**** AVAILABLE DATA
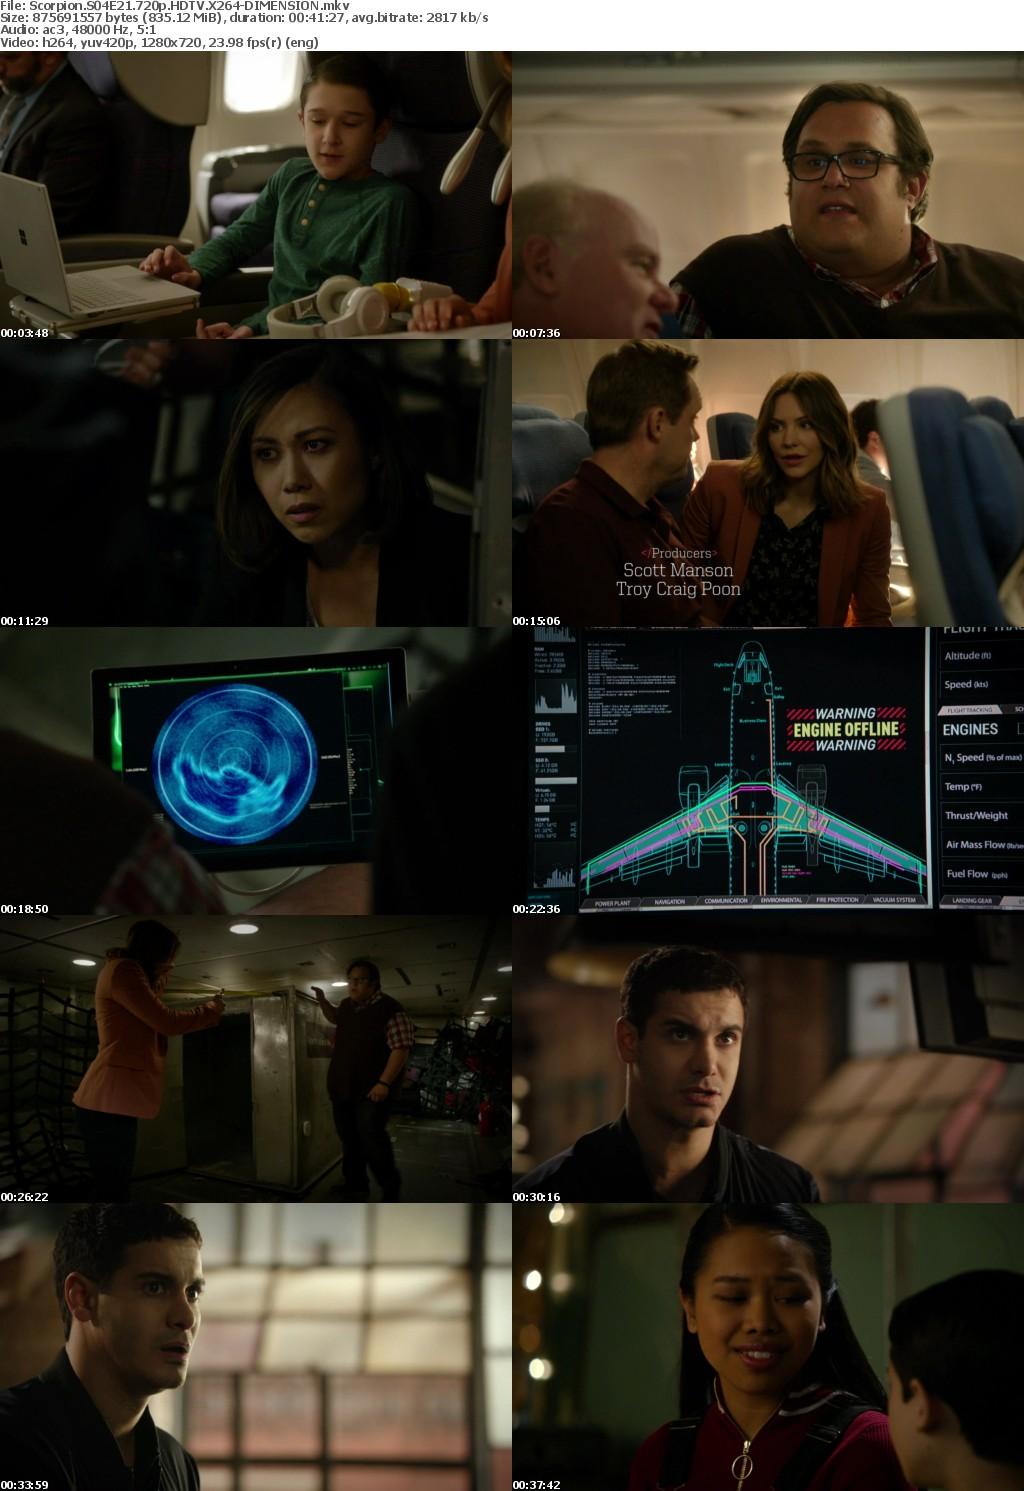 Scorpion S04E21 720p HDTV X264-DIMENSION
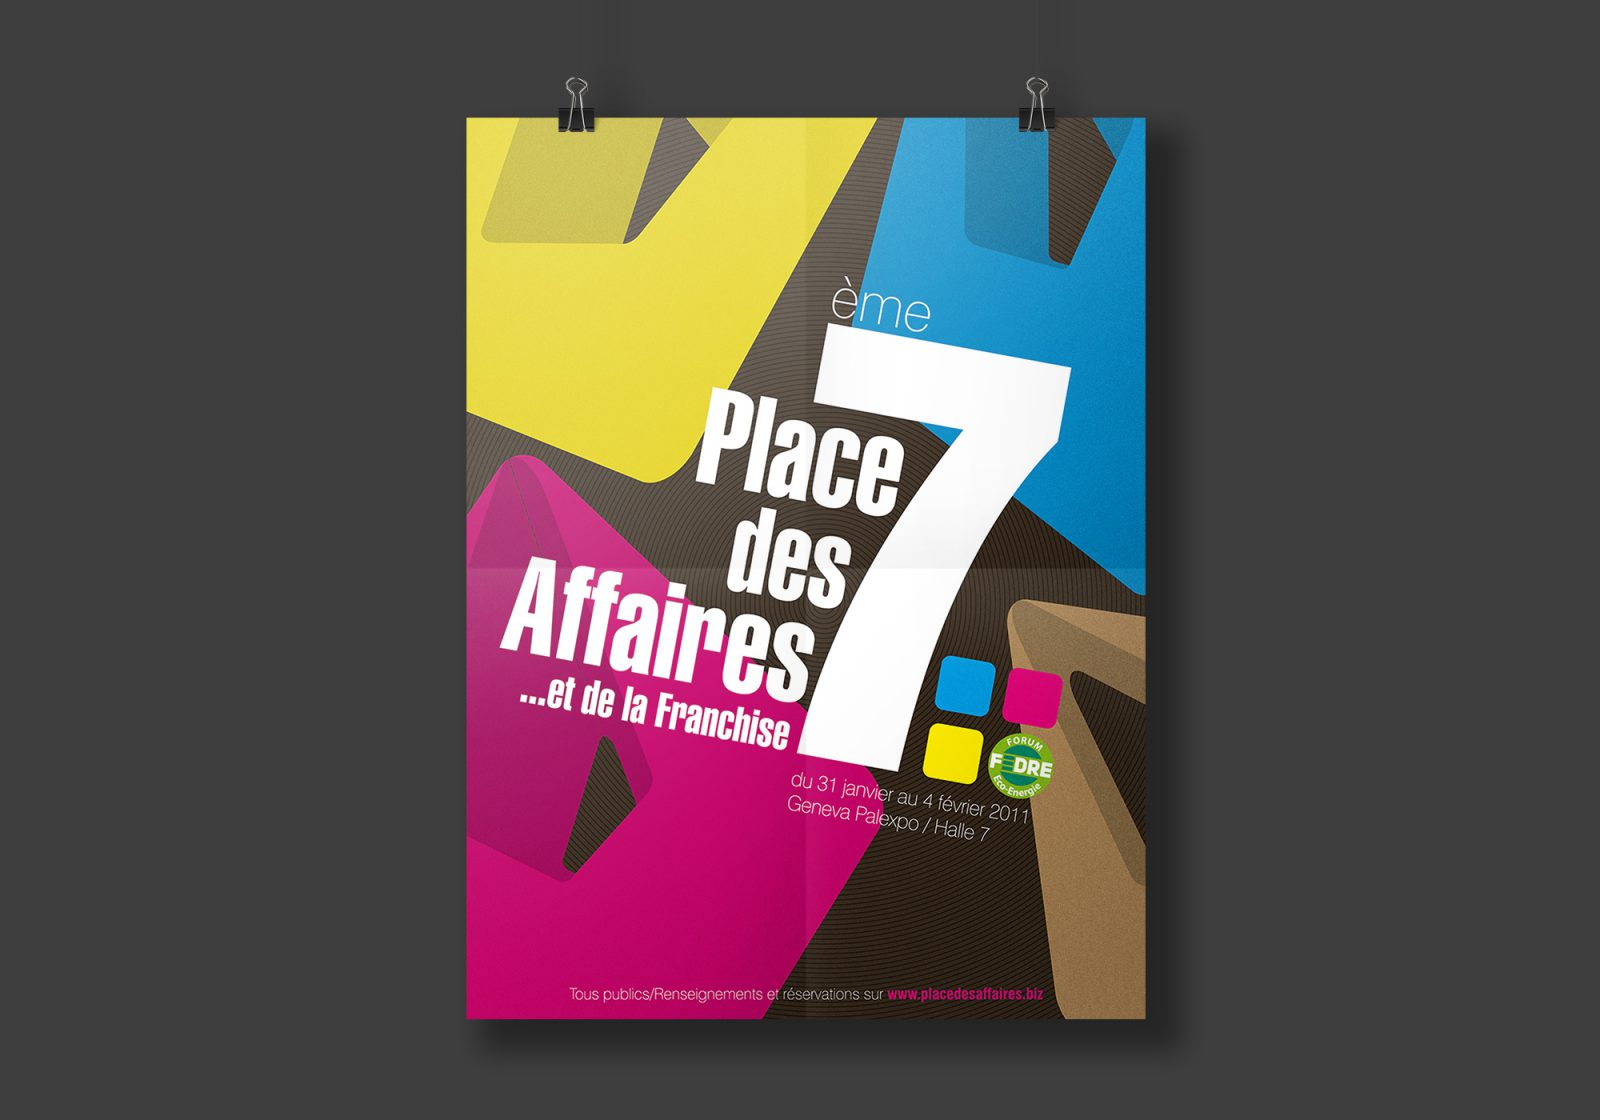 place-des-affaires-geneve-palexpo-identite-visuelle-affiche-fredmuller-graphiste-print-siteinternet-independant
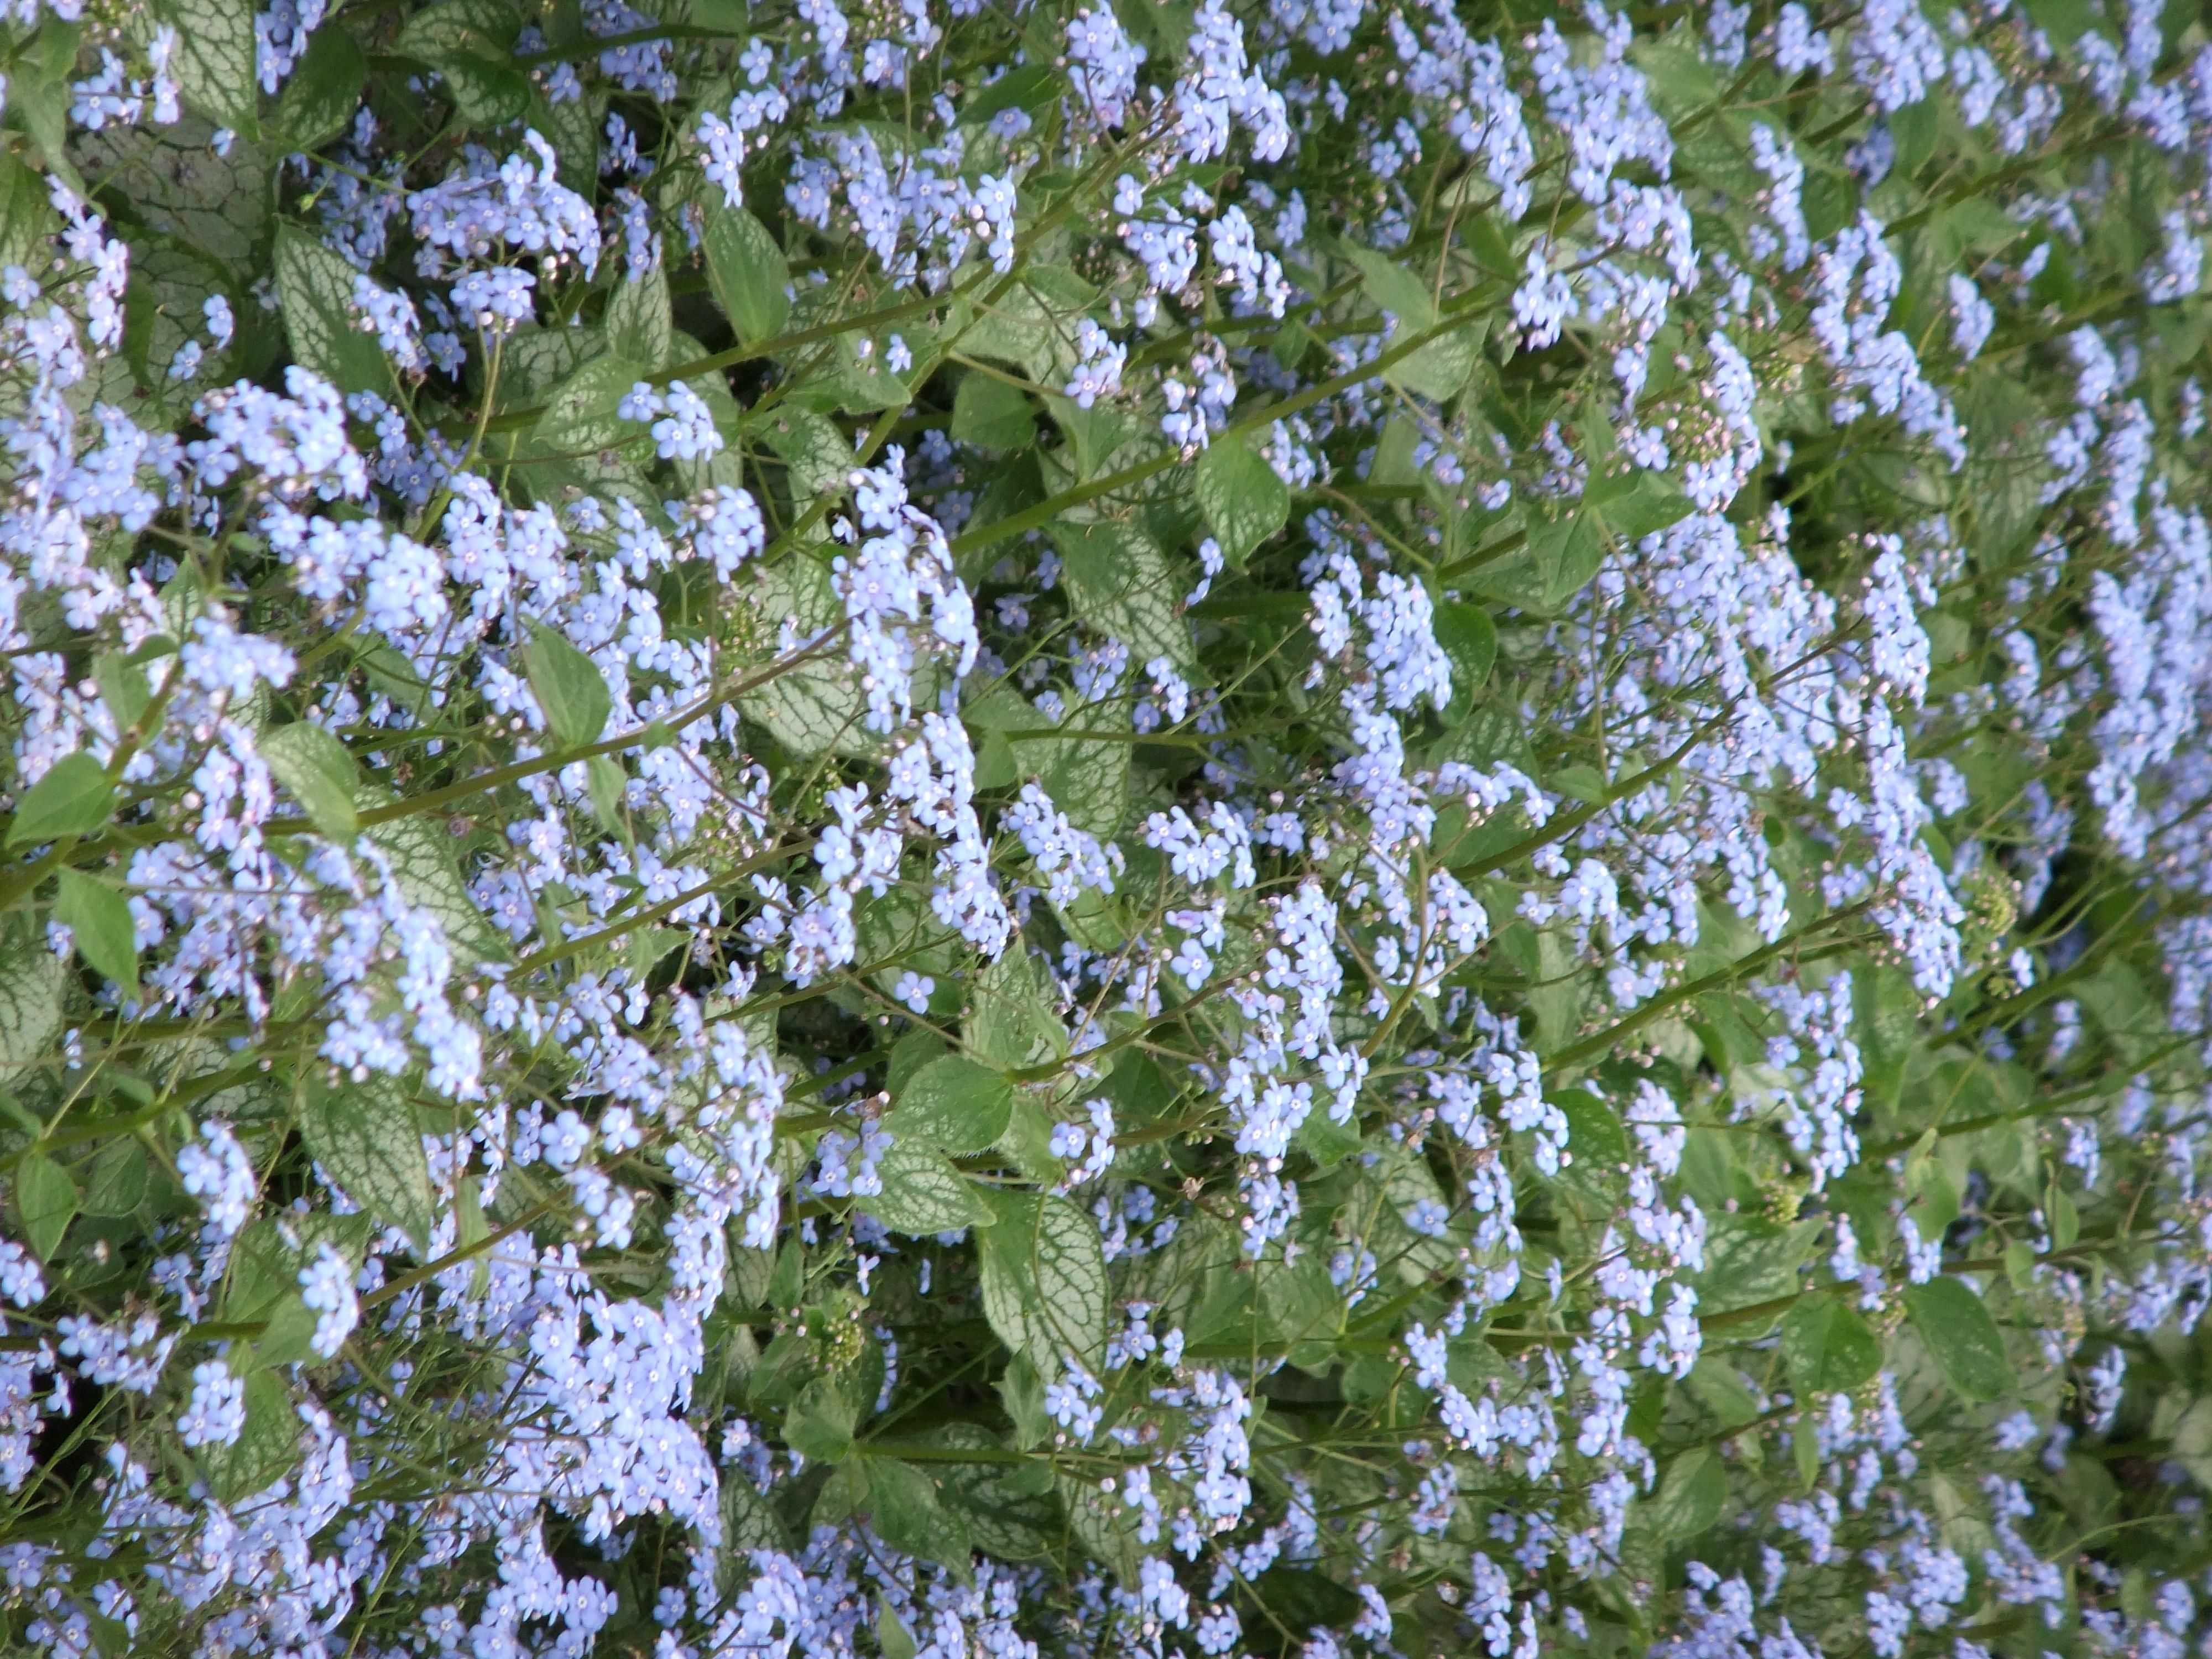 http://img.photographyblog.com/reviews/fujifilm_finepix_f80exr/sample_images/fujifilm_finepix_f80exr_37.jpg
********
Please keep every line of the data the same when you reproduce it, and keep every picture out.

 Scorpion S04E21 720p HDTV X264-DIMENSION
 place-des-affaires-geneve-palexpo-identite-visuelle-affiche-fredmuller-graphiste-print-siteinternet-independant
 http://img.photographyblog.com/reviews/fujifilm_finepix_f80exr/sample_images/fujifilm_finepix_f80exr_37.jpg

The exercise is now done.